Political Career
Active and energetic in the Labor Party, Calwell was elected President of the Victorian Labor Party in 1931. He was elected to the Australian House of Representatives for the seat of Melbourne in 1940. During World War II, Calwell served as Minister for Information in John Curtin's Labor government, and became well known for his tough attitude towards the Australian press and his strict enforcement of wartime censorship. This earned him the enmity of large sections of the Australian Press, and he was dubbed "Cocky" Calwell by his political foes, cartoonists of the period depicting him as an obstinate Australian cockatoo.
In 1945, Calwell became Minister for Immigration in Ben Chifley's post-war Labor government. Thus, he was the chief architect of Australia's post-war immigration scheme at a time when many European refugees desired a better life far from their war-torn homelands, and he became famous for his relentless promotion of it. Calwell's advocacy of the program was crucial because of his links to the trade union movement, and his skillful presentation of the need for immigration. Calwell overcame resistance to mass immigration by promoting it under the slogan "populate or perish". This drew attention to the need, particularly in light of the recent war in the Pacific, to increase Australia's industrial and military capabilities through a massive increase in the population. In July 1947 he signed an agreement with the United Nations Refugee Organisation to accept displaced persons from European countries ravaged by war.

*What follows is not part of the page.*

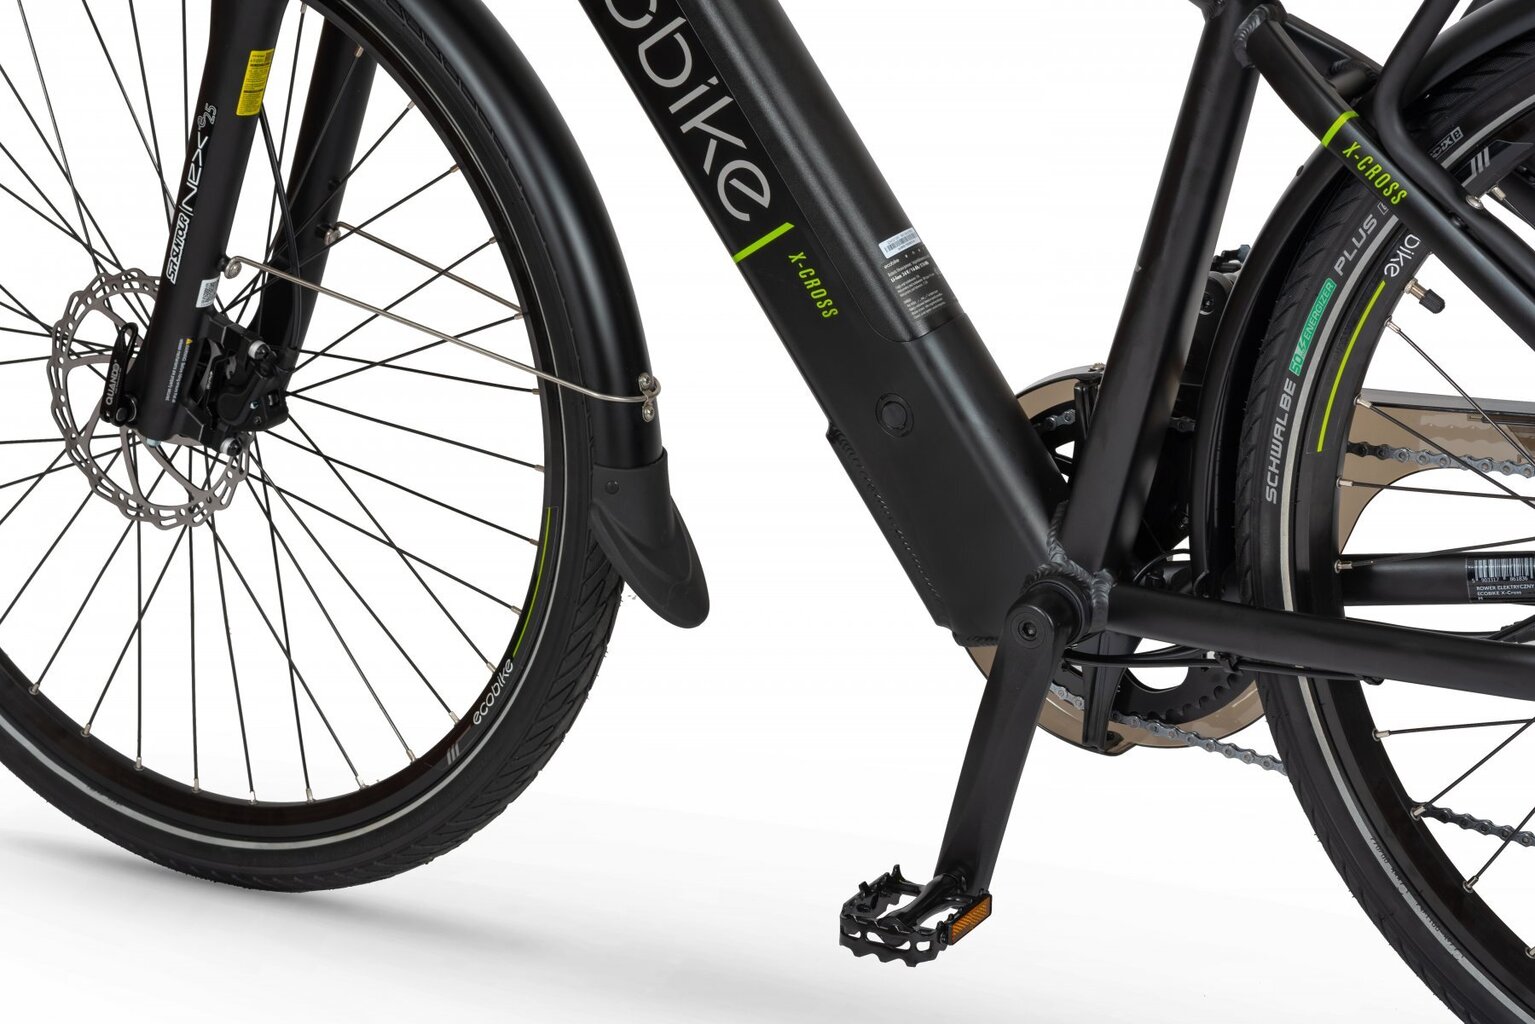 Elektriskais velosipēds Ecobike X-Cross M 17,5 Ah LG, melns cena un informācija | Elektrovelosipēdi | 220.lv

Calwell was a staunch advocate of the White Australia Policy: while Europeans were welcomed to Australia, Calwell was deporting many Malayan, Indochinese and Chinese wartime refugees, some of whom had married Australian citizens and started families in Australia. Calwell's enthusiasm and drive in launching the migration program was a notable feature of the second term of the Chifley government, and has been named by many historians as his greatest achievement (especially given the labour movement's hostility to earlier migration programs).
In economic policy, Calwell was not a great advocate of nationalisation. According to Gough Whitlam, this was attributed to Calwell’s brand of socialism, which according to Whitlam was “an emotion rather than an ideology, a memory of the social deprivation he observed in Melbourne during the Depression years.”